The purpose of the nonionic emulsifier Tween 20 was to minimize residue and assist in solubilizing the drug components. Mannitol was used not only as a crystalline bulking agent for imparting good handling properties, but also to add sweetness. CMC was a filler agent to add bulk and improve the overall handling properties of the FDT.

The composition of the formulation played a key role in solubilizing the hydrophobic drugs at high loading levels while maintaining rapid disintegration and good handling characteristics. Lopinavir and ritonavir are highly hydrophobic, with aqueous solubility of about 1 μg/mL and an octanol-water partition coefficient (log P) >4.20, 21 Nearly 50% of the weight of our tablet (∼210 mg) comes from the 2 drug components, which were solubilized at 80 and 20 mg/mL for lopinavir and ritonavir, respectively, in the presence of milk and polymer stabilizers. One explanation for the increased solubility (10,000-fold increase) in aqueous formulation could be the presence of surfactant combined with casein phosphoproteins in milk. Casein, an amphiphilic protein, may increase drug solubility through micellization, assisted by the Tween 20. Although we did not investigate the mechanism in our work, similar results for casein have been reported previously.23, 24, 25 Powdered milk has been used in approved veterinary vaccines, as part of a formulation for pediatric tablets produced by direct compression, and in production of freeze-dried solid dosage forms of viable Lactobacillus spp.

After 3 months of storage at 40°C, 75% RH, tablet physical properties remained nearly the same as prior to storage, with friability and disintegration time unchanged. The decrease in moisture content from 1.6 wt% to 0.8 wt% may be a result of secondary drying at the elevated temperature, although this did not impact the handling properties of the FDT.

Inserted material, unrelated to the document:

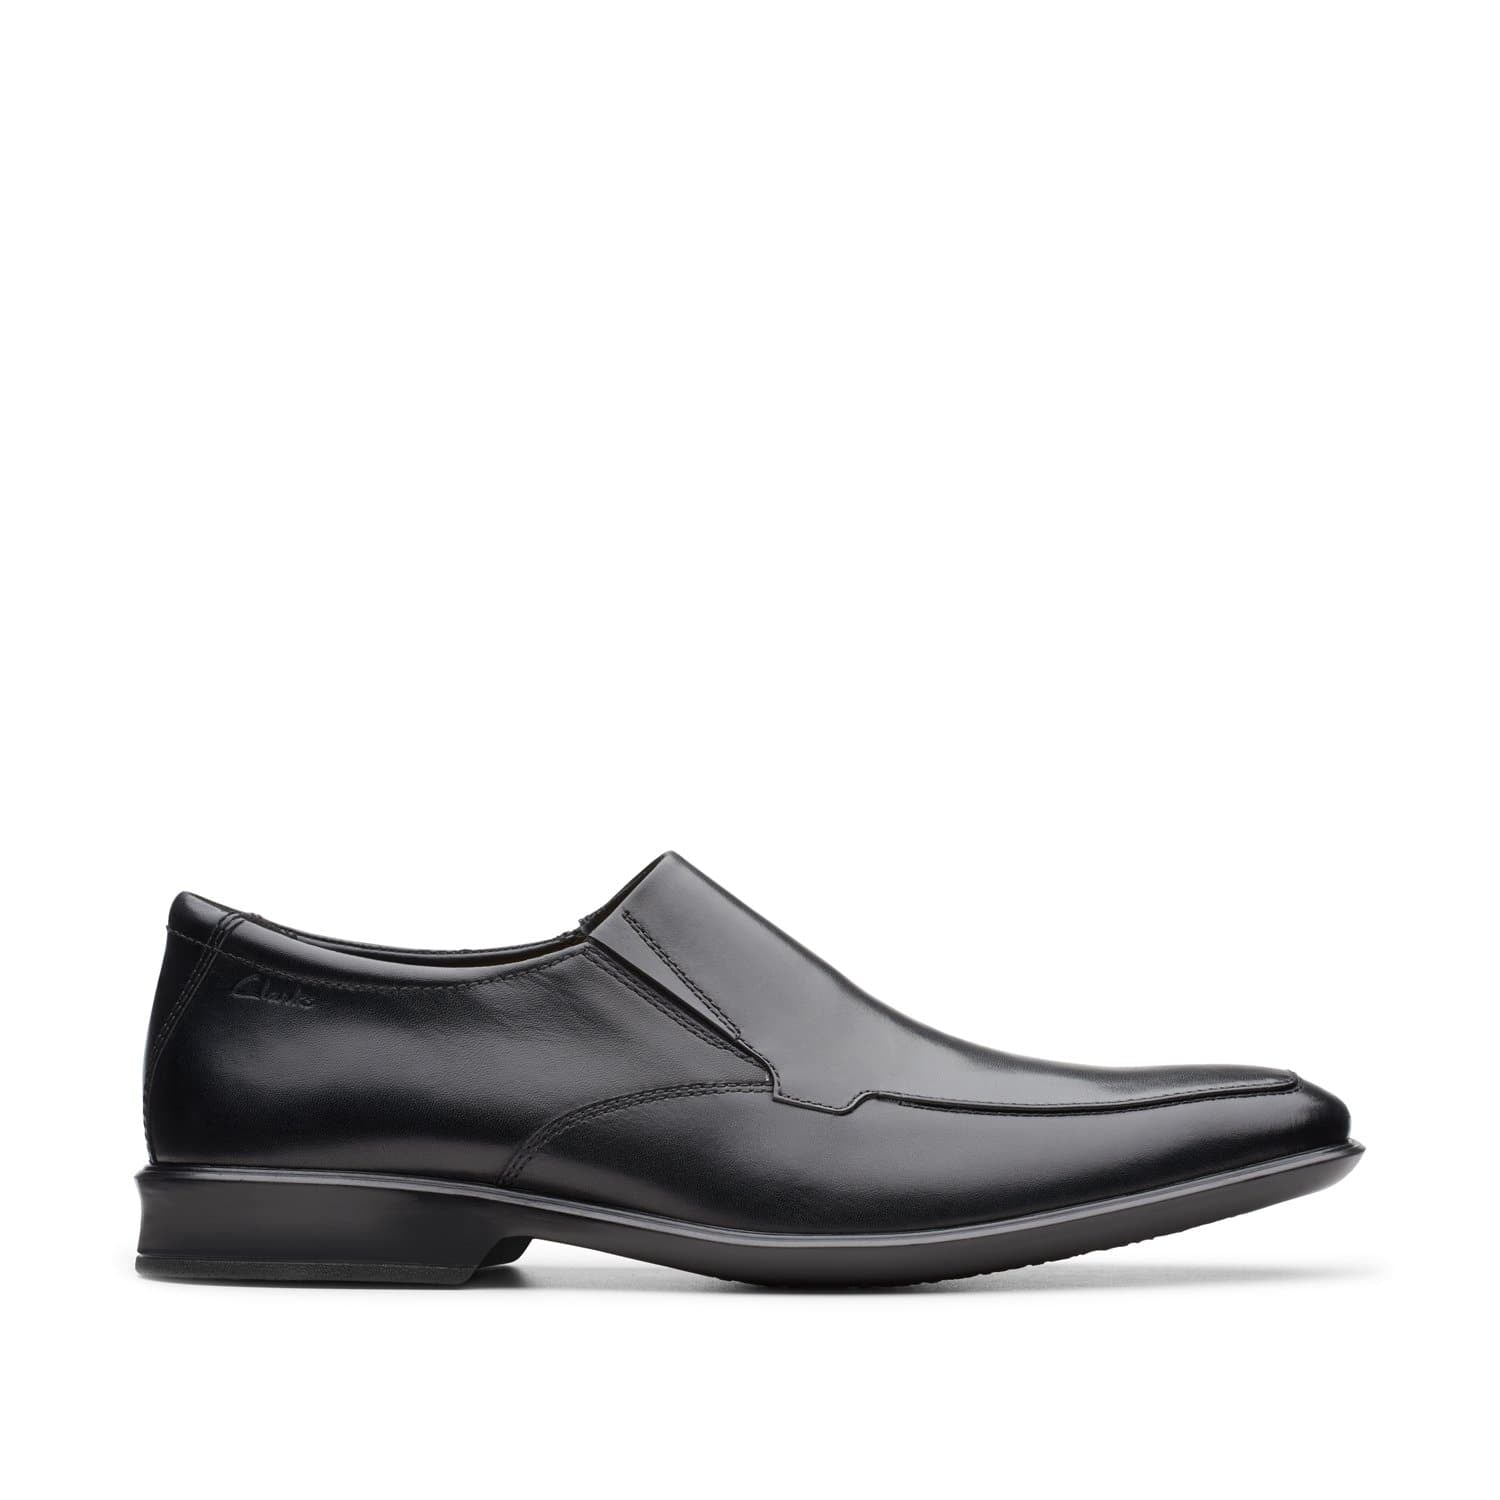 Clarks-Bensley-Step-Men's-Shoes-Black-Leather-26147686

Each tablet disintegrated in just 0.5 mL of water, maximizing the likelihood of uptake of the full dose by small children, and there were no solid pieces that an infant might detect and expel. As many as 4 tablets (dose units) could be dispersed in volumes as low as 2 mL (<1 teaspoon), allowing a wide dosing range by simply increasing or decreasing the number of tablets in a fixed low volume. Furthermore, the low volume allows delivering the medication with a spoon, a commonly available implement in most households. Although we tested commercially produced foods, the tablets can be dispersed in milk or any available pureed food. No undesirable physical or chemical interactions between the food and the medicine were detected based on complete drug recovery using HPLC analysis. A question remaining is the taste of the product when dispersed in fluid and presented to children, as it is unclear whether the low volumes of fluid or food are sufficient to mask the bitter taste of the drugs. Palatability studies of the LPV/r FDTs in different fluids and infant foods in rodents have been completed and will be published separately. Rodents are useful models for taste studies based on analysis of lick patterns, and this study will determine whether the taste of the 2 drugs in the FDT dispersed in various foods is sufficiently aversive to alter the normal licking pattern.

These results indicate that the FDT offers flexibility for administering LPV/r across a broad range of age groups, and they suggest potential applicability for other combination ARV medications and for drugs for other disease indications in the pediatric population, especially in low-resource countries.